Are you using the dbz from contrib/dbz? If not, you should switch.
A good check is to try "nm /usr/lib/libdmb.a" or whatever you call
the dbz library. If "rfc822ize" shows up, then you are probably using
the proper dbz library.
If you look at the dbz source in contrib/dbz, the line with the B news
kludge regarding lowercase() is commented out. This is the key. I did
a check on all the duplicate articles hitting my site, and they all
had uppercase after the "@" sign (usually .COM or .UUCP or .EDU). The
problem is that relaynews calls the dbz store() function with the upper
case version, but the bad version of dbz does the check against a lower
case version. If you comment out the "lowercase" line from the dbz
source, it should work.
--
Todd Day | todd@ivucsb.sba.ca.us | ivucsb!todd@anise.acc.com
"Ya know, some day these scientists are going to invent something
that can outsmart a rabbit" -- Bugs Bunny
karl@ficc.uu.net (Karl Lehenbauer) (10/12/89)
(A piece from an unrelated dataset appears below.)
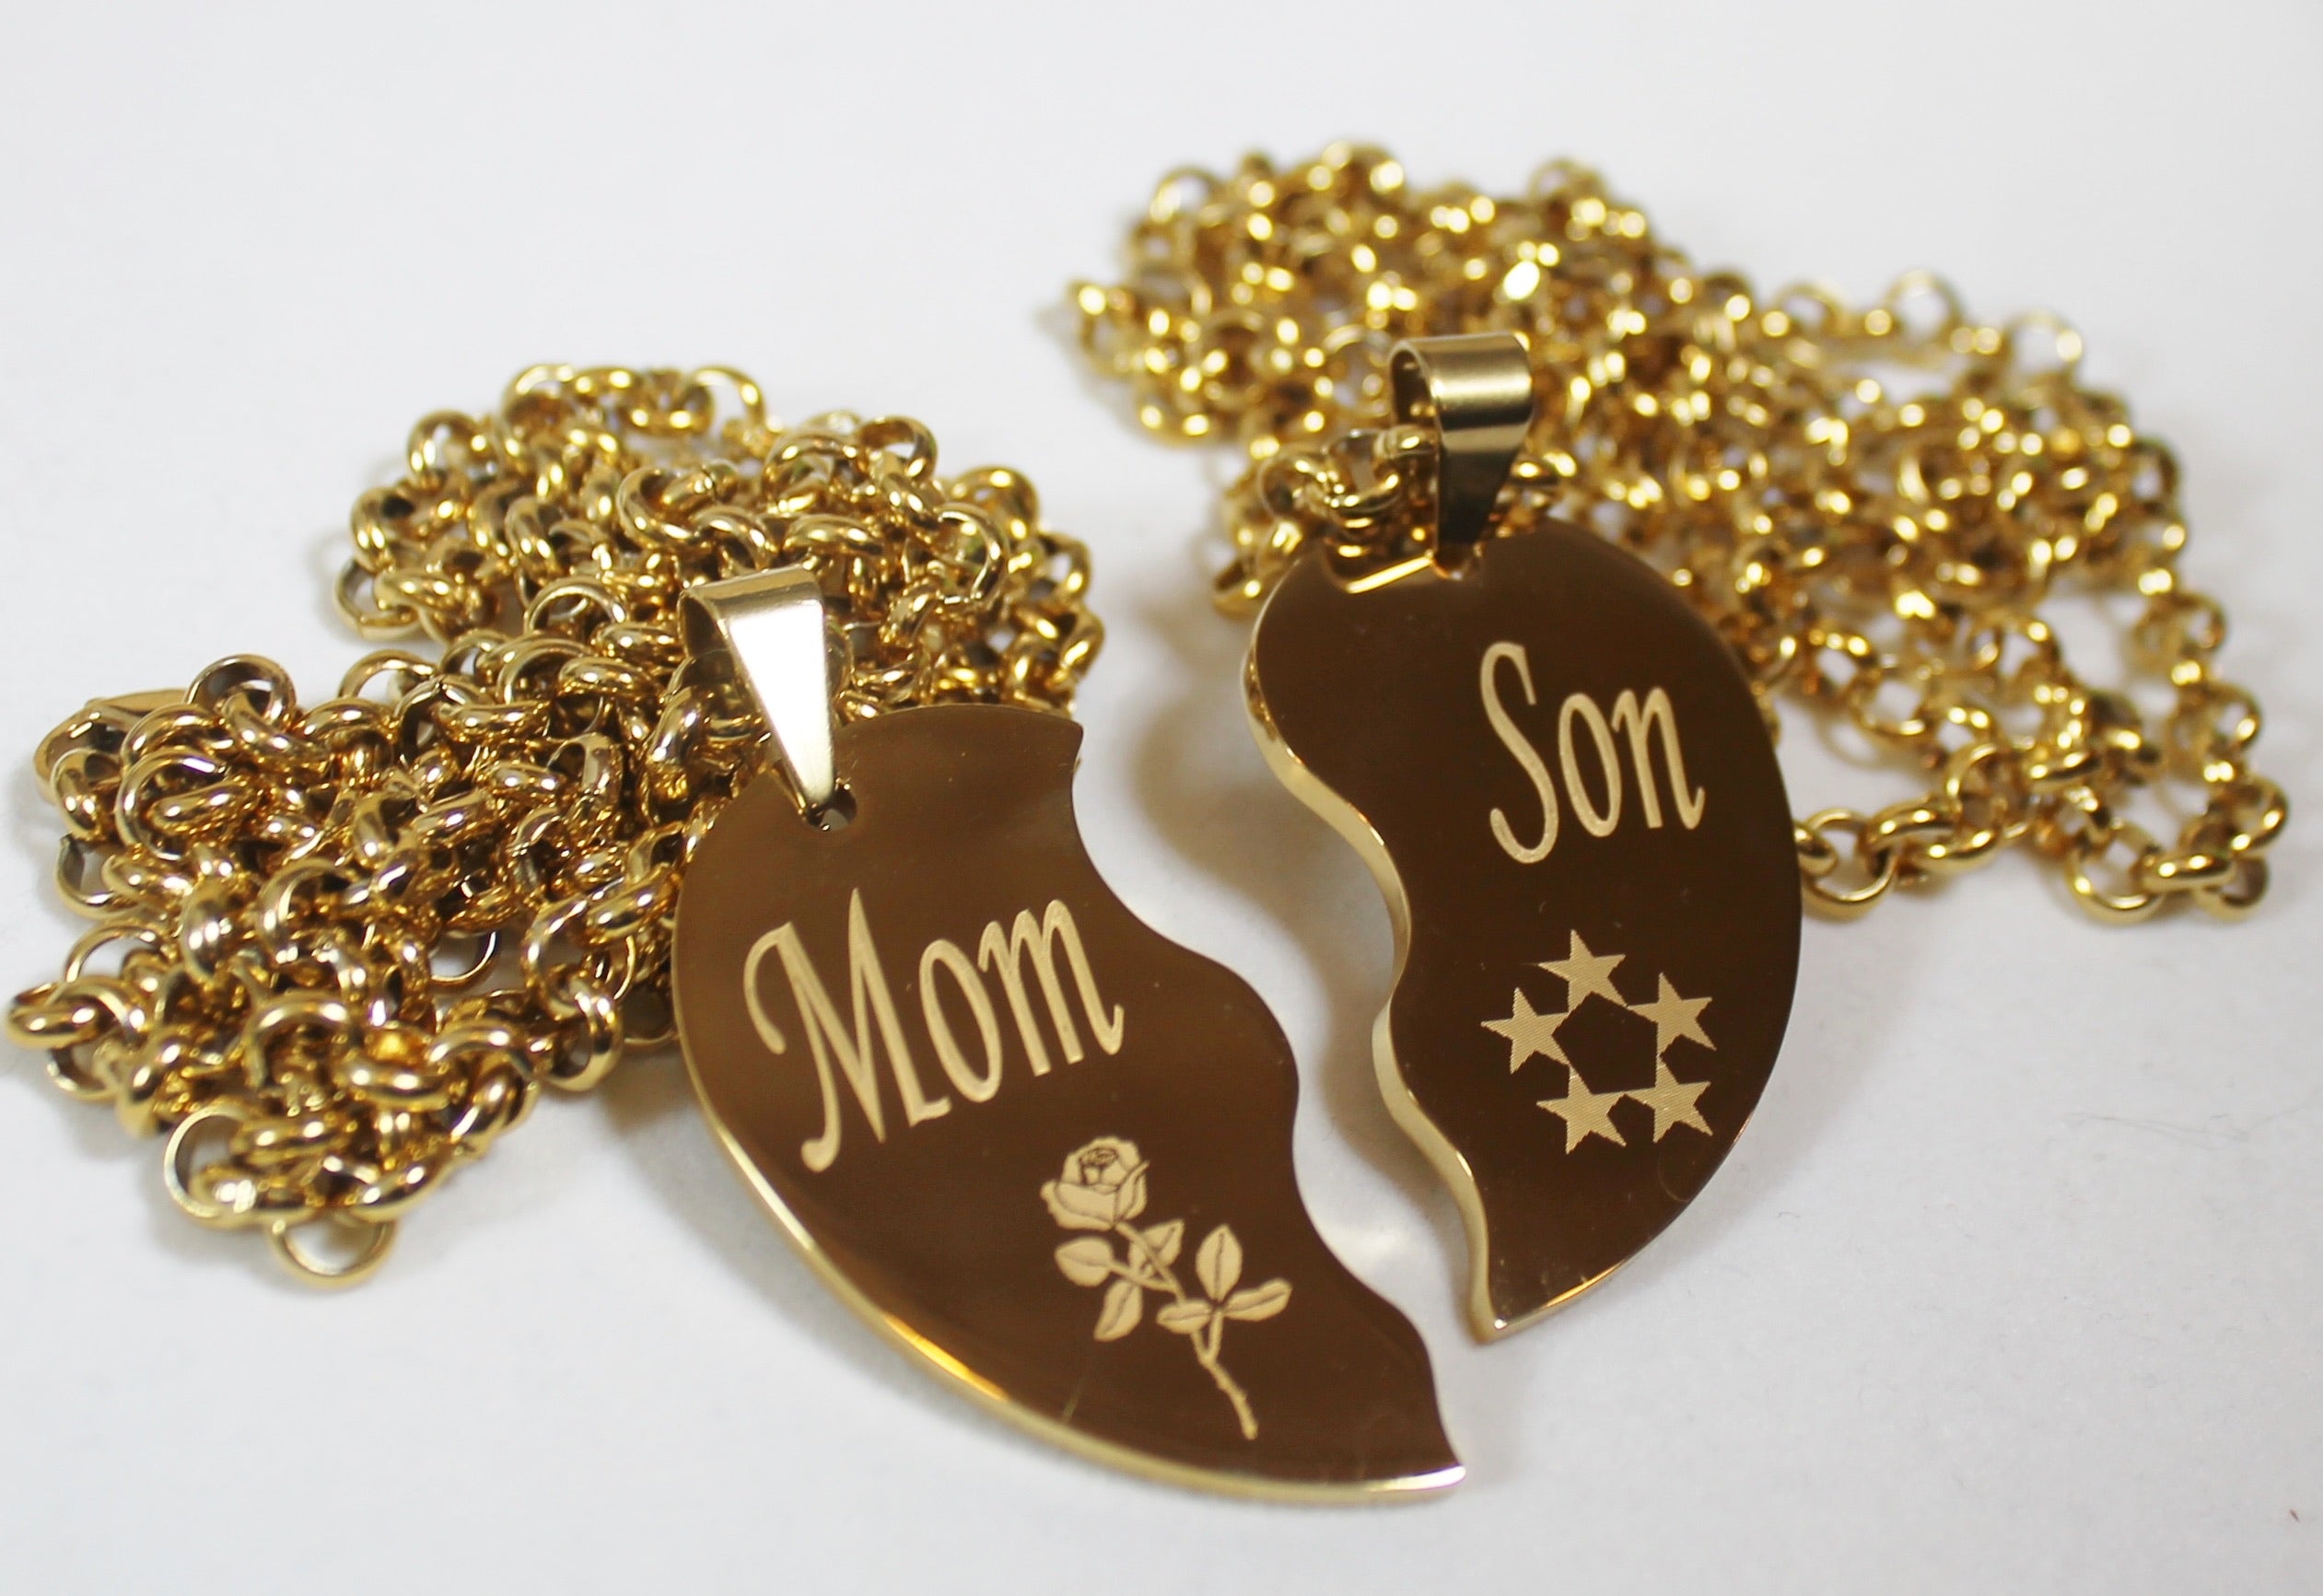 SPLIT HEART NECKLACE SOLID STAINLESS MOM SON IPG GOLD PLATED THICK PENDANTS - Samstagsandmore

>>Dbz also appears to have a nasty habit of not noticing if you have a >>duplicate under some conditions. That is, articles which are still in the >>history file at times show up again if they are received twice! Beware that under Sys V/386, the C optimizer breaks dbz, at least under 3.0. The misbehavior is dbz saying articles are not duplicate that actually are, and the history file is made to be sick-looking. -- -- uunet!ficc!karl "The last thing one knows in constructing a work is what to put first." -- Pascal
karl@ddsw1.MCS.COM (Karl Denninger) (10/12/89)
In article <6512@ficc.uu.net> karl@ficc.uu.net (Karl Lehenbauer) writes: >>>Dbz also appears to have a nasty habit of not noticing if you have a >>>duplicate under some conditions. That is, articles which are still in the >>>history file at times show up again if they are received twice! > >Beware that under Sys V/386, the C optimizer breaks dbz, at least under 3.0. >The misbehavior is dbz saying articles are not duplicate that actually are, >and the history file is made to be sick-looking. Ok... but I'm running Xenix 2.3.2! And yes, I compiled that module (by hand) without optimization. Any other good guesses? It is STILL happening, even now that I have turned up the hash value to something rediculous (but still a prime like it says). -- Karl Denninger (karl@ddsw1.MCS.COM, <well-connected>!ddsw1!karl) Public Access Data Line: [+1 312 566-8911], Voice: [+1 312 566-8910] Macro Computer Solutions, Inc. "Quality Solutions at a Fair Price"
zeeff@b-tech.ann-arbor.mi.us (Jon Zeeff) (10/13/89)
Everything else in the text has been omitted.